I forget to continue: he was drunk, and my mother and I took either side of him and carefully walked him to the car as he swayed and stumbled through the sand in the summer twilight. He sang, “Goodnight Irene,” which I knew at nine was a standard song of the drunk, a part of Jackie Gleason on Sundays before Star Trek and bedtime, that beginning of sadness. And I knew how some part of it was made violently up of violas, some kind of game that pretended to be more fun than it was. He was awfully drunk, though. If my memory is correct, which it isn’t, that would be the night where he got laid out on the gold fur den couch against the woven hemp wallpaper and mother allowed me to jump on his stomach and he didn’t wake.

Novels

The cell snaps away from her lips ending a conversation and I notice her nude lobe bears the gray trace of an ideogram signifying deep and silent water. I slip the photographs of my baby into the hip of a black attaché. She lifts the snub-nosed Taurus .38 toward the glint of her magmatic glasses and the arranged bullet disappears on red wings through the bedroom ceiling. It nests in the uncut holly to perch and peck at mullions and scream at every sunrise. I grunt and throw my own glasses against the suddenly softened wall. Her lips resemble roses cut from pork or rhodochrosite. The novels lining a cherry drum table beside the fire are Vladimir firsts and lie soaked among tree roaches in the grass.
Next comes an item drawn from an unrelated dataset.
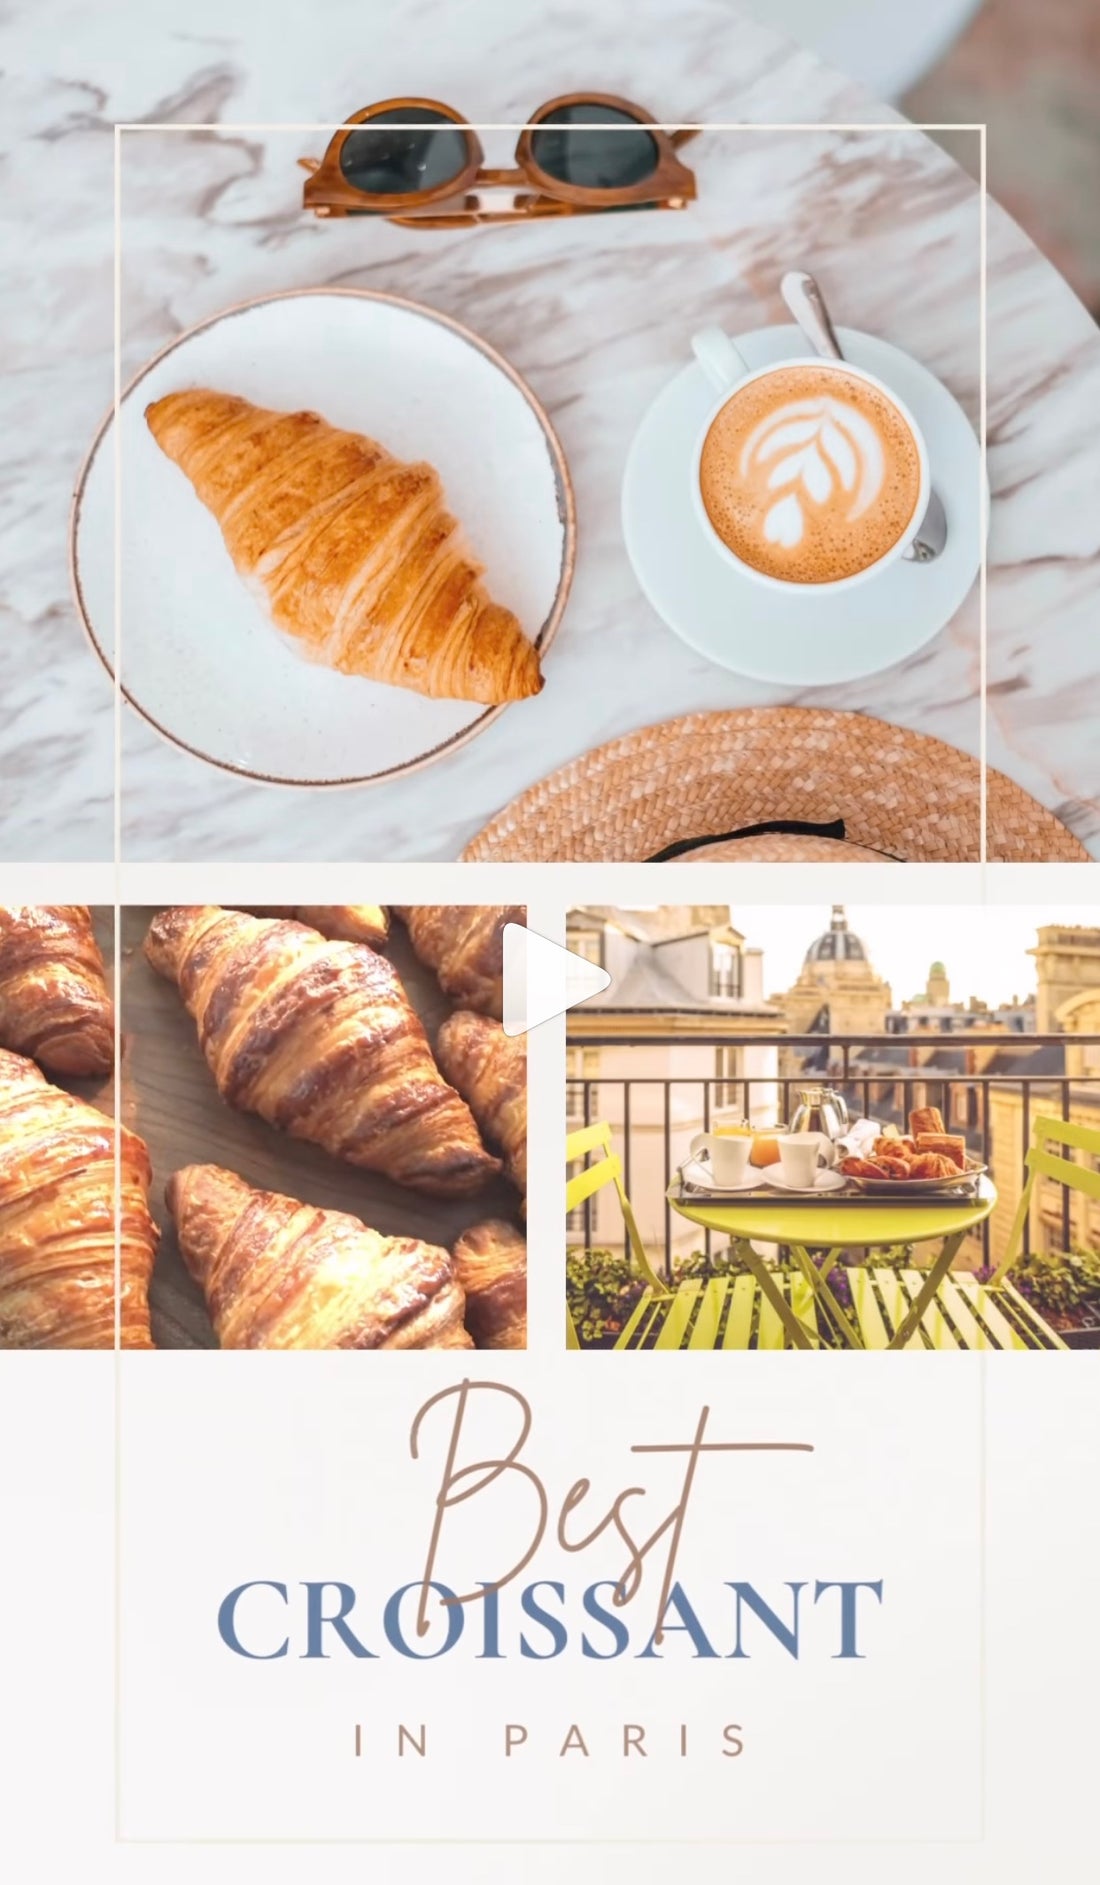 The best croissant 🥐 in Paris?

When the spiderweb of tumors kills the baby I countenance only unsigned white flowers at the ceremony, that’s how I am, absent and pale. The garden out back remains typically Russian, raveled with frozen maggots and beets mimicking radishes. Our news hopes in red ink god is willing to go out there and kill them at the game. I cancel the paper with a quick call and slice an eggplant to fry for dinner. Bitter droplets rise from the flesh.